EXERCISE OBJECTIVE:
A verbatim copy of the listing is needed; pictures are to be left out.

RECORDED INFORMATION:
****************************************

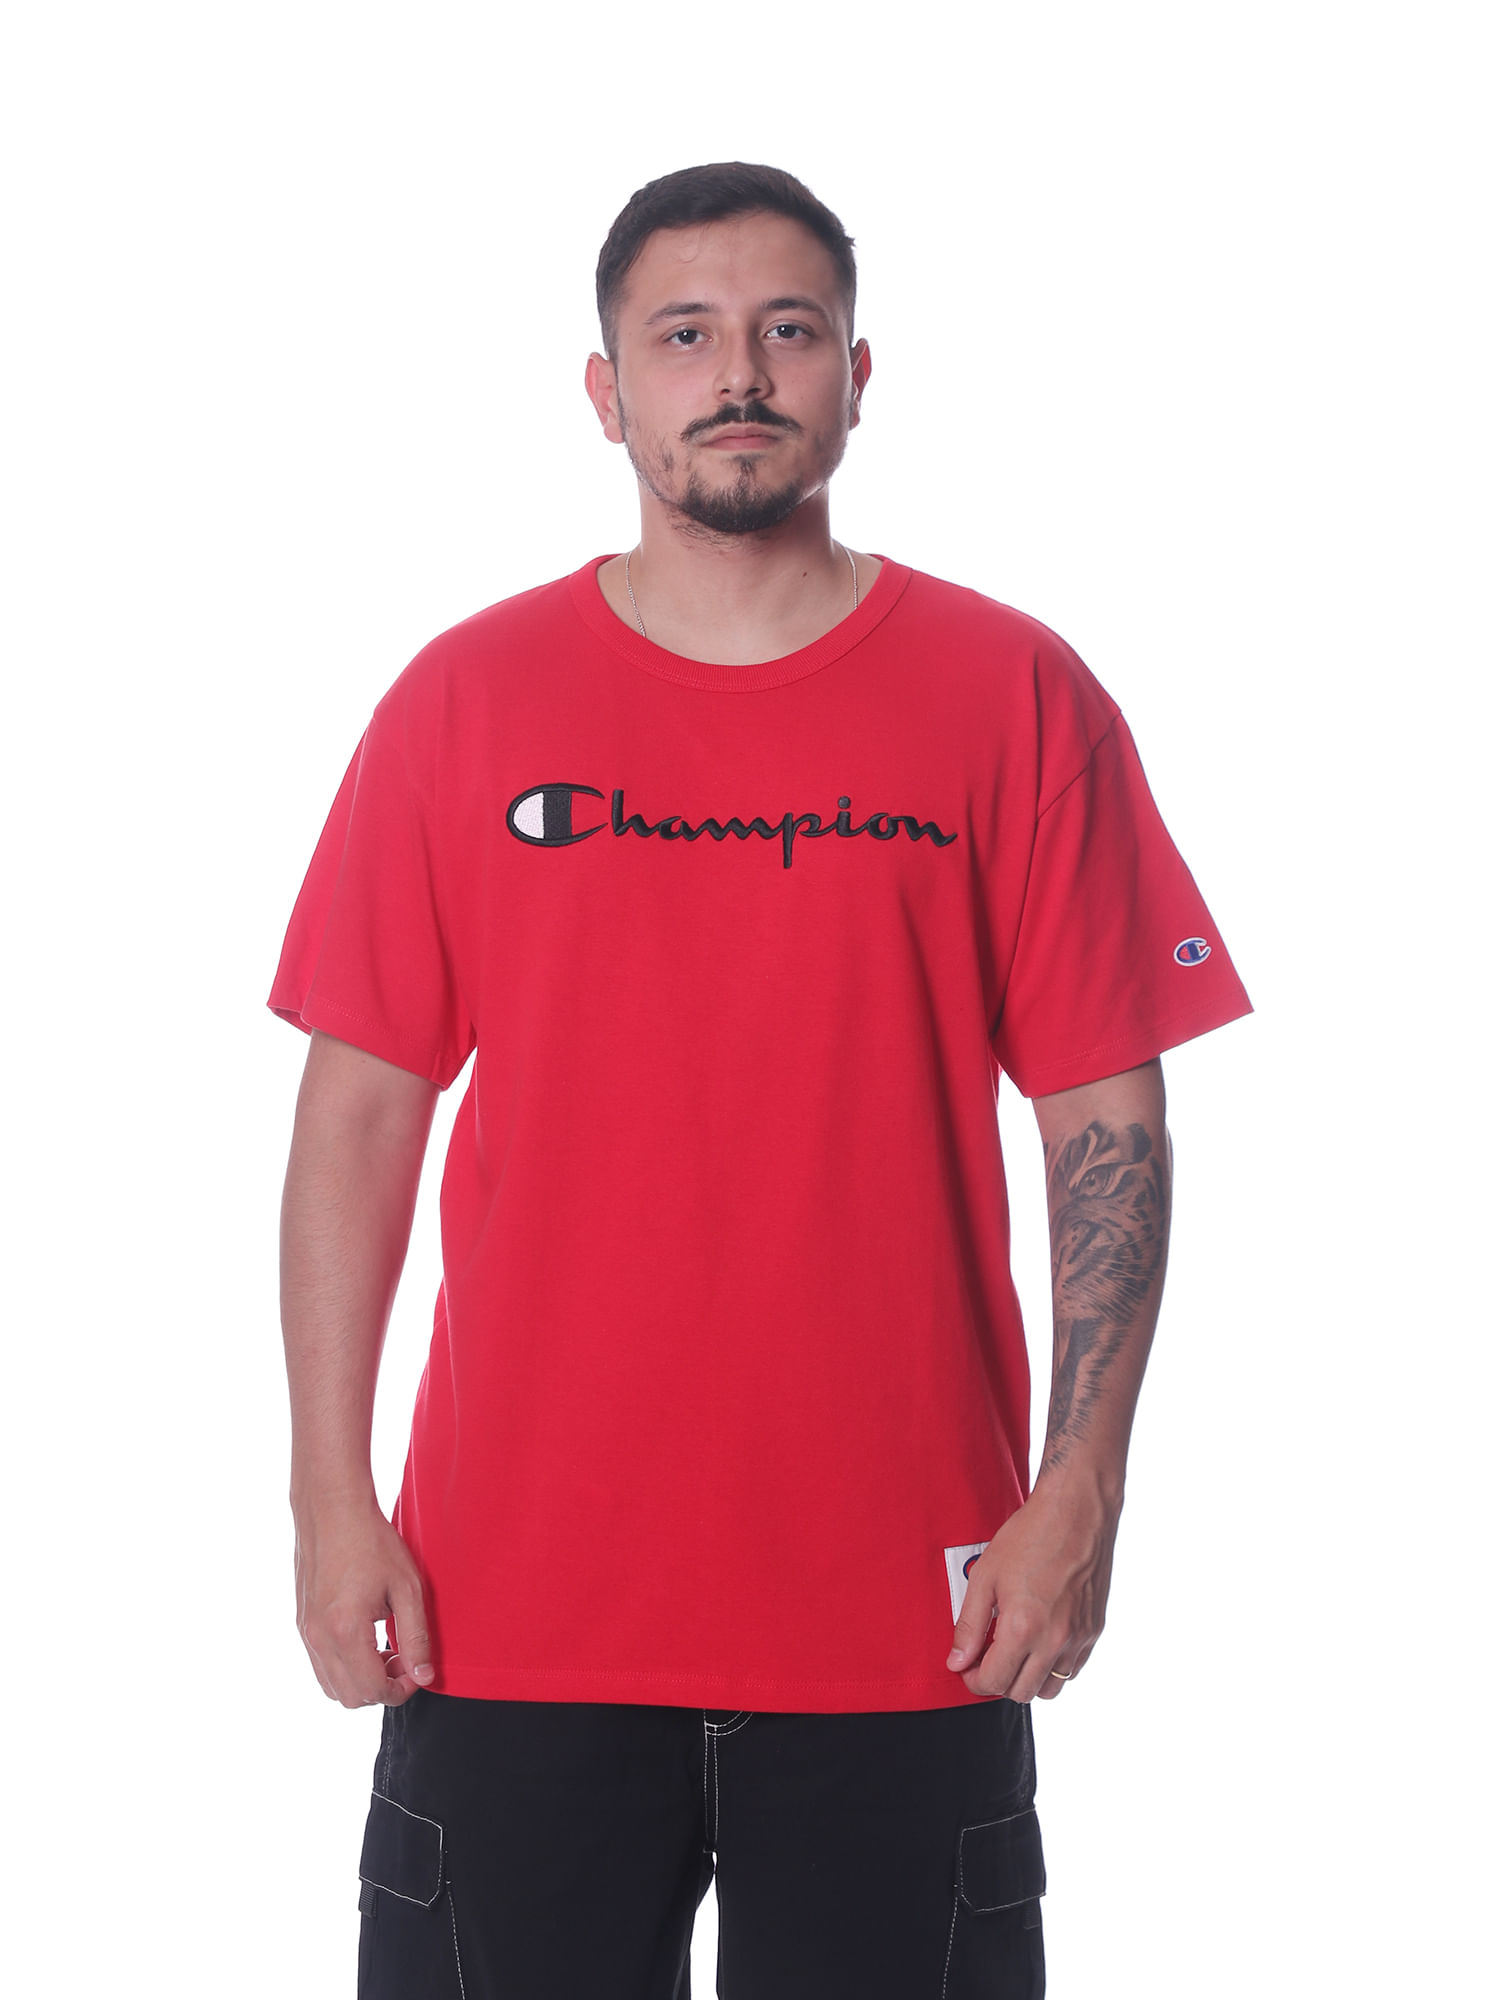 Camiseta-champion-logo-embroidery-script-Red-scarlet
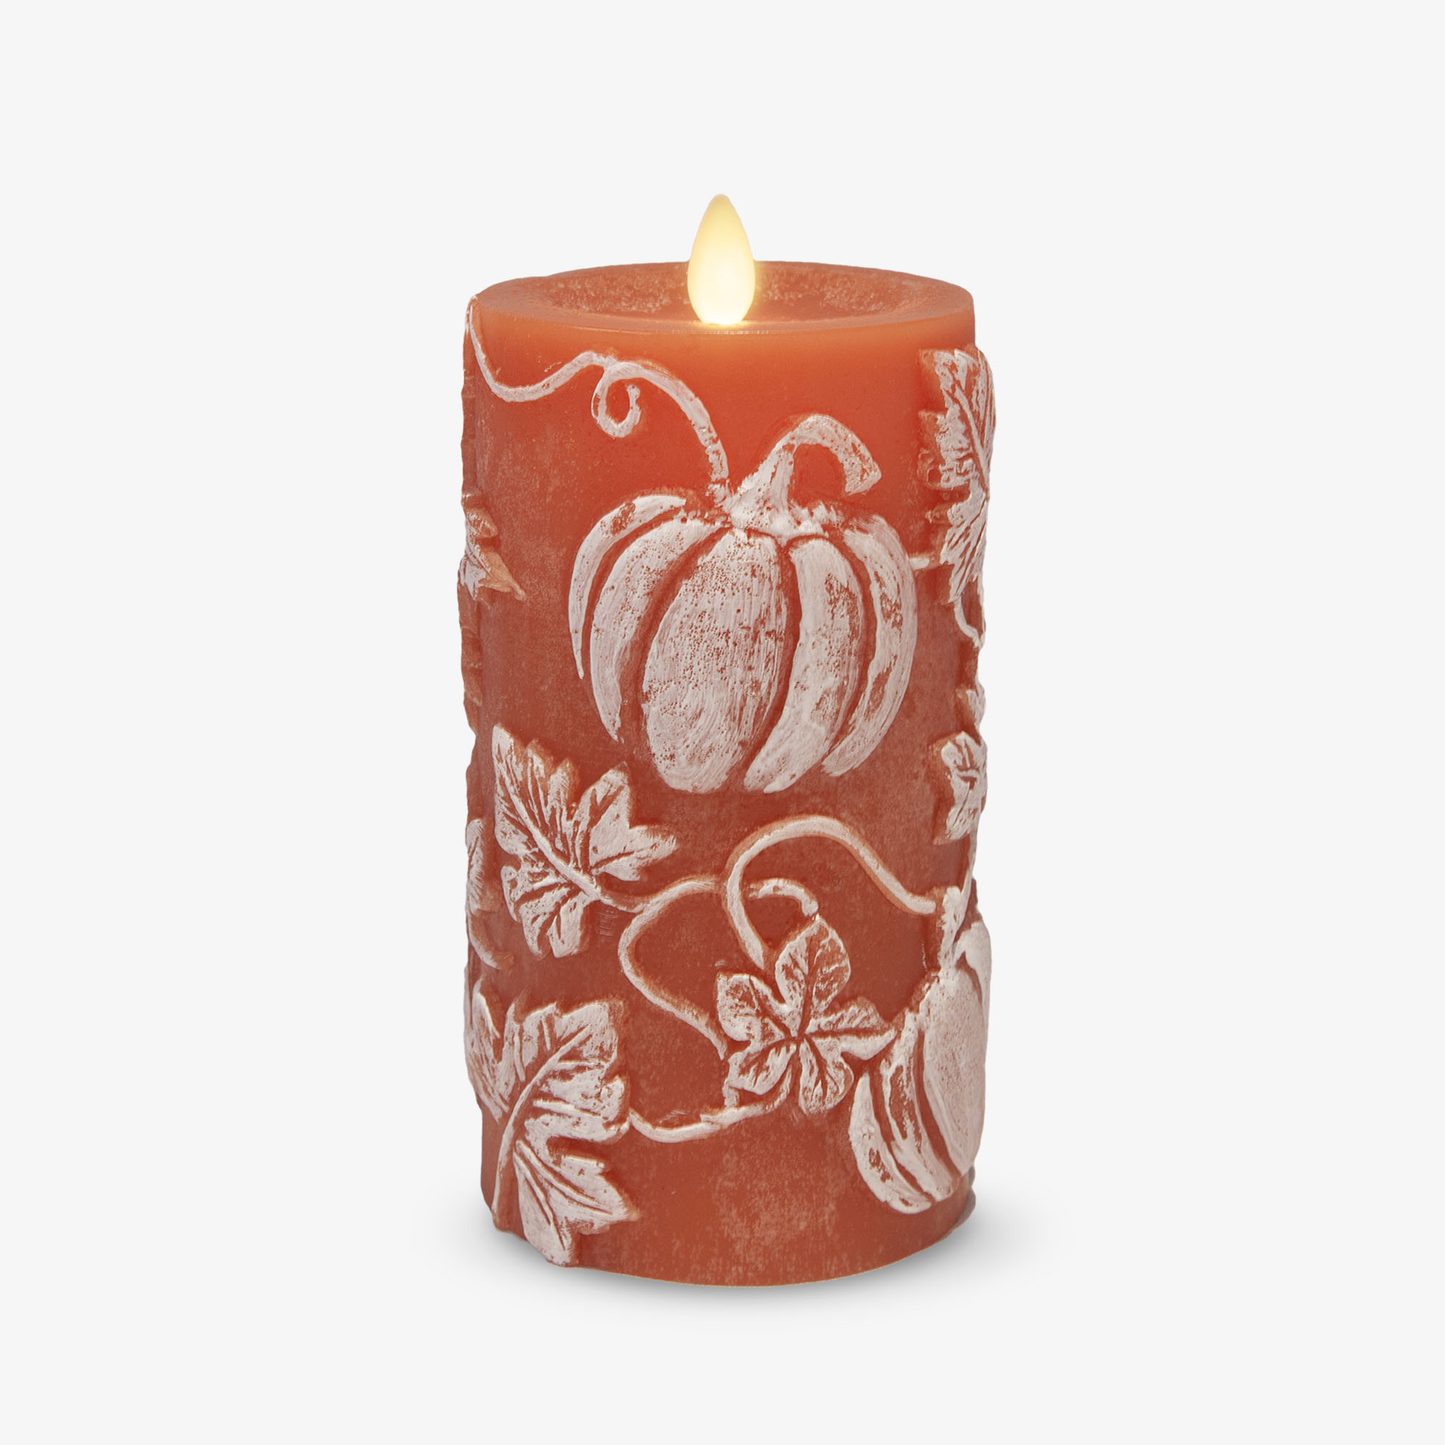 Embossed Leaves & Pumpkins Flameless Candle Pillar - Recessed Top
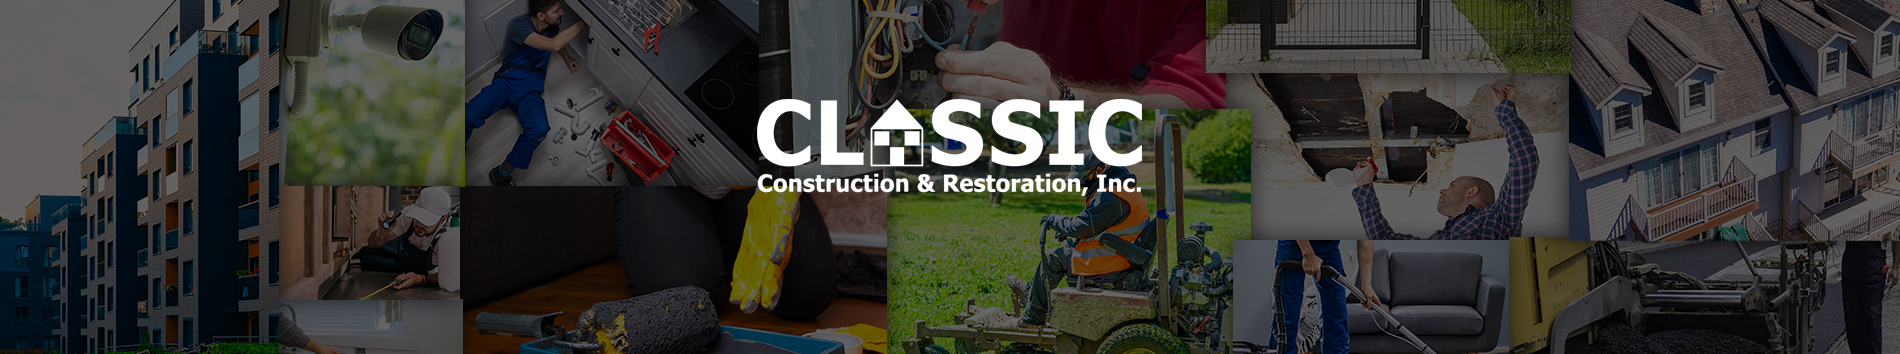 Classic Construction & Restoration, Inc.

****************************************

ANSWER BOX:
 Camiseta-champion-logo-embroidery-script-Red-scarlet
 Embossed Leaves & Pumpkins Flameless Candle Pillar - Recessed Top
 Classic Construction & Restoration, Inc.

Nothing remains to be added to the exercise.